Дистанция между просвещенным либерализмом и махровым черносотенным монархизмом на самом деле была не слишком велика. Главным делом для октябристов всегда оставалось отнюдь не решение неотложных созидательных задач, а охранение устоев традиционной российской государственности — точно так же, как и у черносотенного «Союза русского народа». Расходились только в частностях. От этого на периферии обеих столиц разница между черносотенцем и октябристом делалась совершенно незаметной. Ни для кого не было секретом, что многие члены «Союза 17 октября» сочувственно внимали призывам к беспощадному террору против революции, с которыми носились черносотенные хулиганы. В октябрьские дни 1905 года один из столпов октябризма, обер-церемониймейстер высочайшего двора барон П. Л. Корф умолял премьера: «Немедленно, граф, поставьте пушки на Невском и на других улицах и расстреливайте, расстреливайте».
«Вообще удивительно, — записал в дневник граф И. И. Толстой, — как наши либералы, или люди так называемых „передовых убеждений“, способны только на либеральные фразы и насколько миросозерцание их, в сущности, совпадает с самым „черносотенно-бюрократическим“. Прикрываясь фразой, они только и мечтают о централизации, о том, чтобы деньги тратились на них самих и на их присных, и убеждены, что они знают, что нужно, как думают о себе и нынешние бюрократы»8.
***
17 октября граф С. Ю. Витте разослал представителям 33 петербургских газет приглашение прибыть к нему на следующий день в 11 часов утра для беседы по адресу: Каменноостровский проспект, дом 5. Места в гостиной было мало, поэтому беседа велась стоя. Журналисты окружили будущего премьера, и он обратился к ним с речью. В ней С. Ю. Витте попросил газетчиков, не как царедворец и министр, а как русский человек и гражданин, помочь ему успокоить взбудораженные умы. «От вас, главное от вас, это успокоение зависит. Пока не водворится порядок, никто не в состоянии ничего делать. Теперь все дезорганизовано. Все чувства людей дезорганизованы. Я тоже человек: и у меня теперь нет нормального равновесия между чувством и умом. Как сановник, я встречаю людей, известных всей России и всему миру. Эти люди жили только умственной жизнью. У них волевая жизнь не развита. Они еще могут судить о положении дел в отношении того, что следует делать (ум), но не о том, что можно делать (воля) при современных обстоятельствах. Что же я теперь буду делать? Ведь дело, которое я буду вести, — не мое. Мне не сладка его тяжесть. Я нуждаюсь в поддержке. Обращаюсь к вам. Помогите мне. Если вы успокоите общественное мнение, если явится истинное народное представительство, все облегчится. Тяжкая обуза падет. Тогда правительство будет играть роль такую, как в культурных странах. Если вы хотите, господа, вы можете принести громадную пользу всем. Не мне, не правительству, а всей России. В таком же разброде чувств и мыслей дольше жить нельзя»9.
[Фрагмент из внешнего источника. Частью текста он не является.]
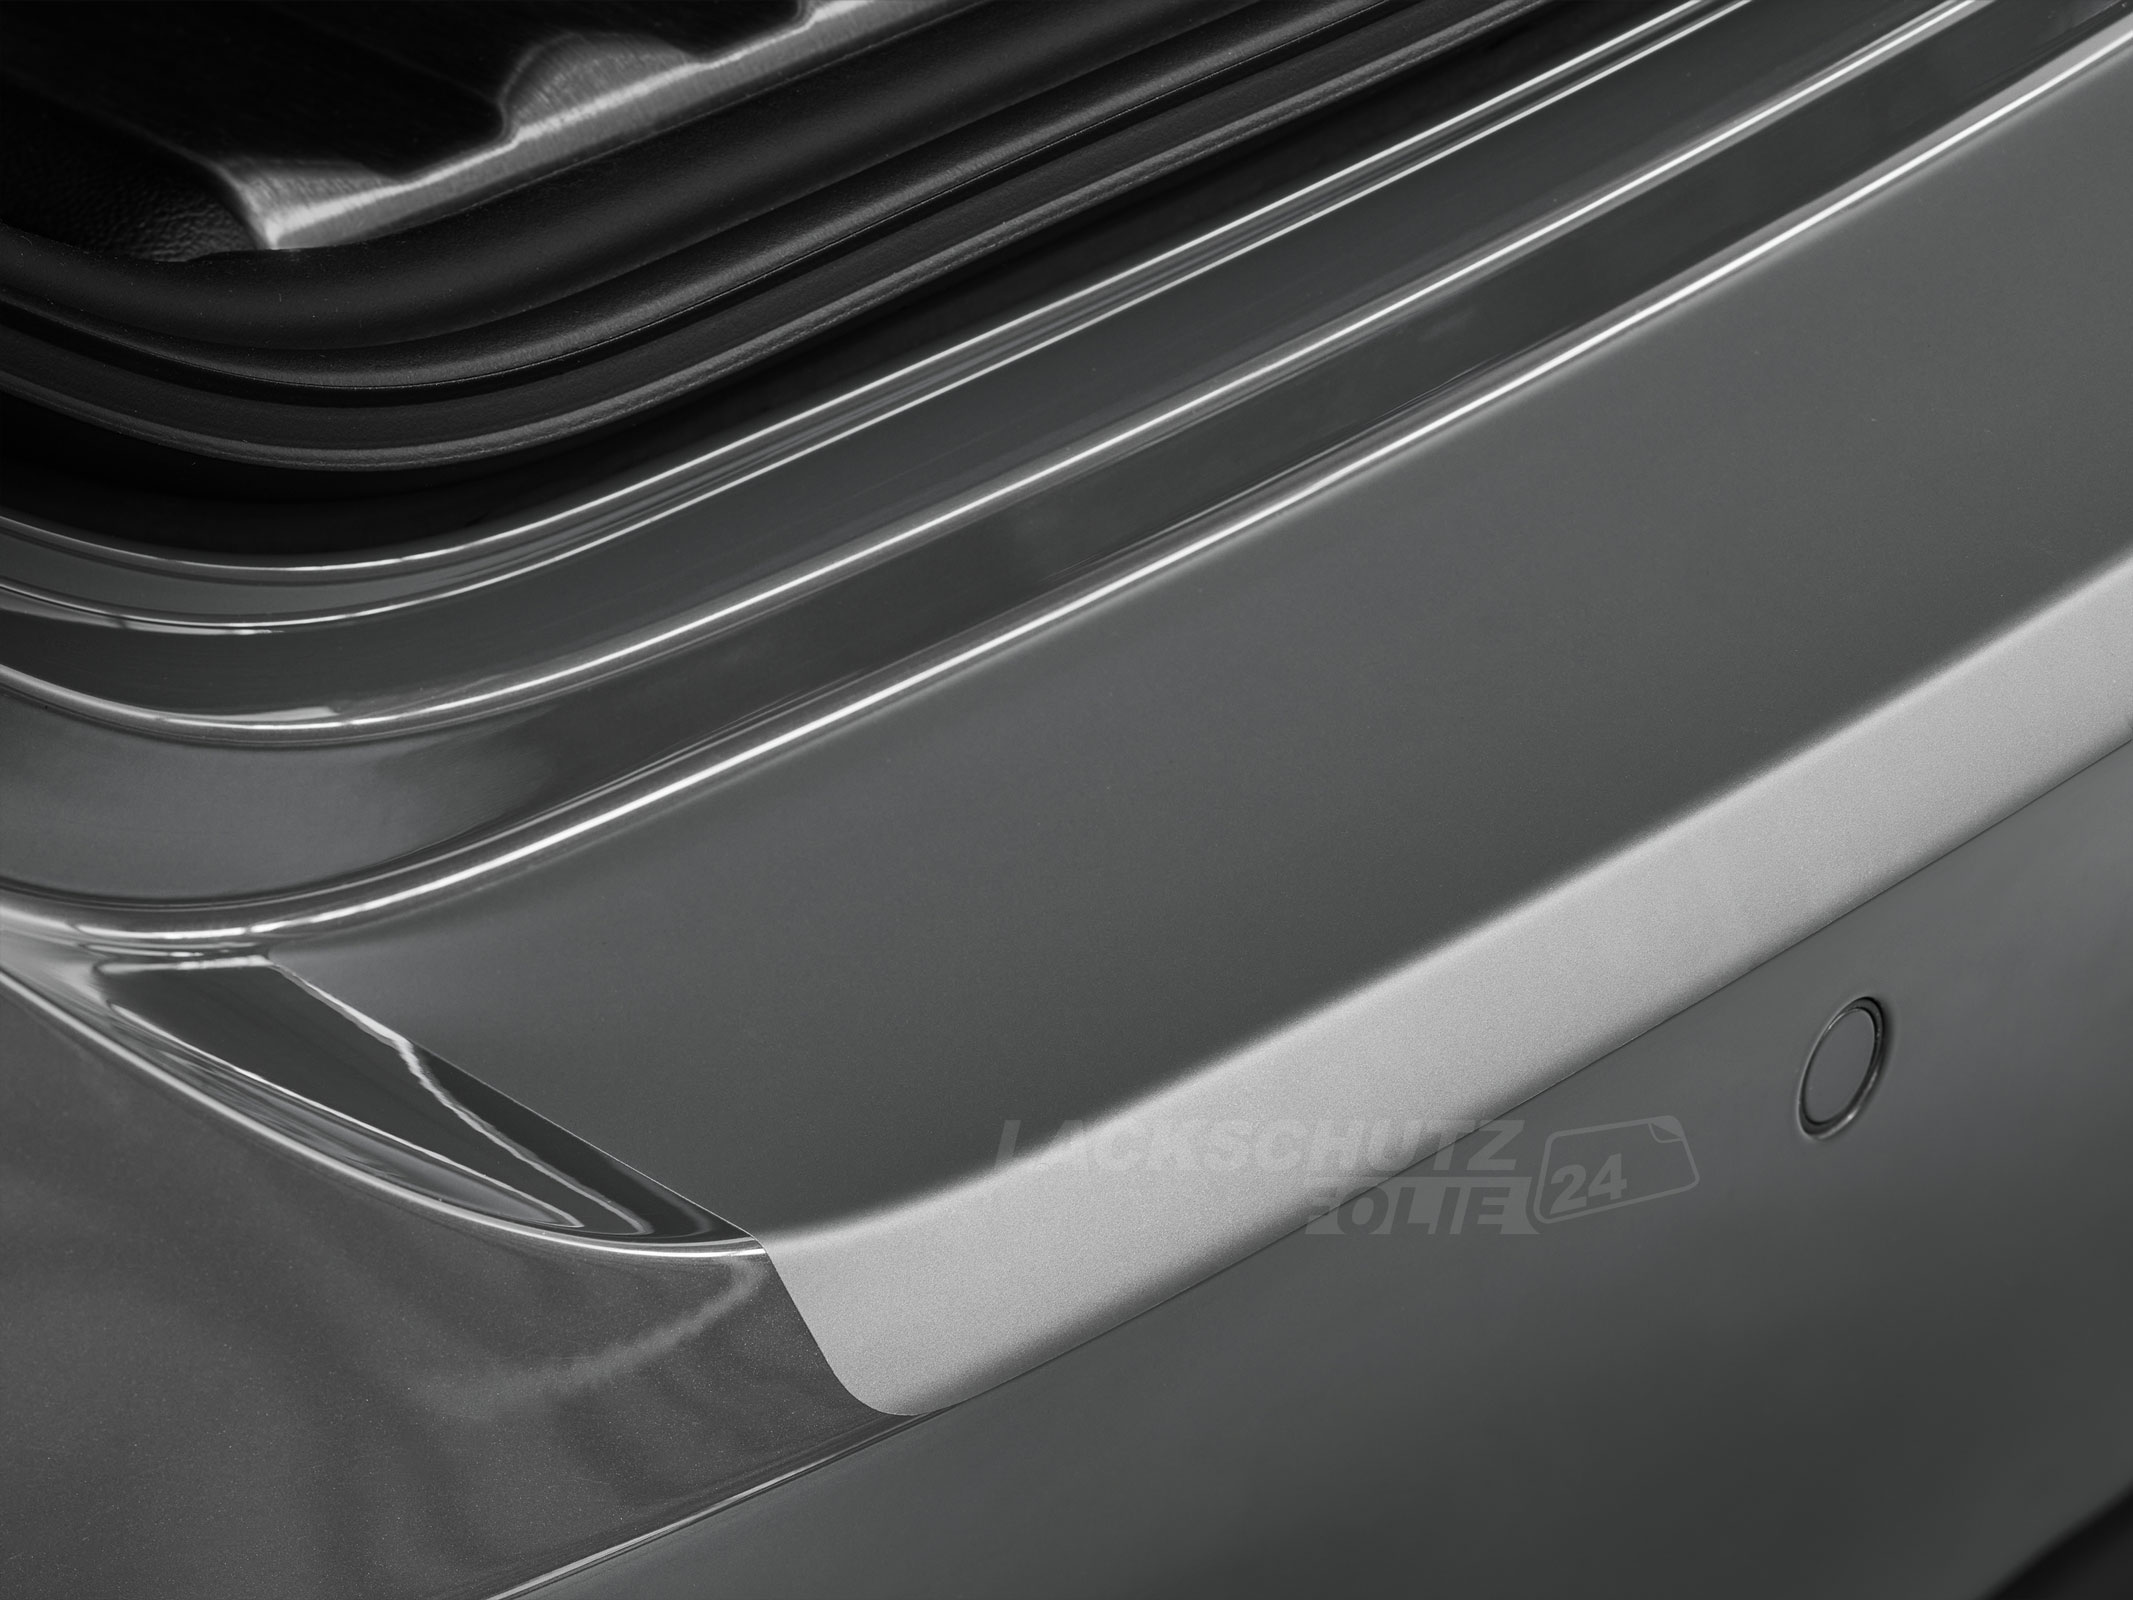 Ladekantenschutzfolie - Transparent Glatt MATT 110 µm stark  für Mazda 3 Schrägheck (IV) ab BJ 03/2019

Первым заговорил А. С. Суворин — для успокоения нужна прежде всего полная амнистия. Это ему было твердо обещано. Редактор «Новостей» О. К. Нотович заявил: «Мы верим вам, но народ не верит». Газетчики в один голос потребовали свободы печатного слова. Она уже объявлена, сказал С. Ю. Витте, но пока нет новых законов о печати, необходимо соблюдать старые. Некоторые горячие головы требовали вывести войска из Петербурга, а для охраны порядка учредить народную милицию. Издатель «Нашей жизни» профессор-экономист Л. В. Ходский вздумал грозить: «Мы не будем выпускать газет, пока войска не удалятся». С. Ю. Витте: «Увести войска? Нет, лучше остаться без газет и без электричества. Если войска уйдут, другие жители будут вправе за эту меру винить правительство». Начнутся грабежи, разбои и прочие безобразия10.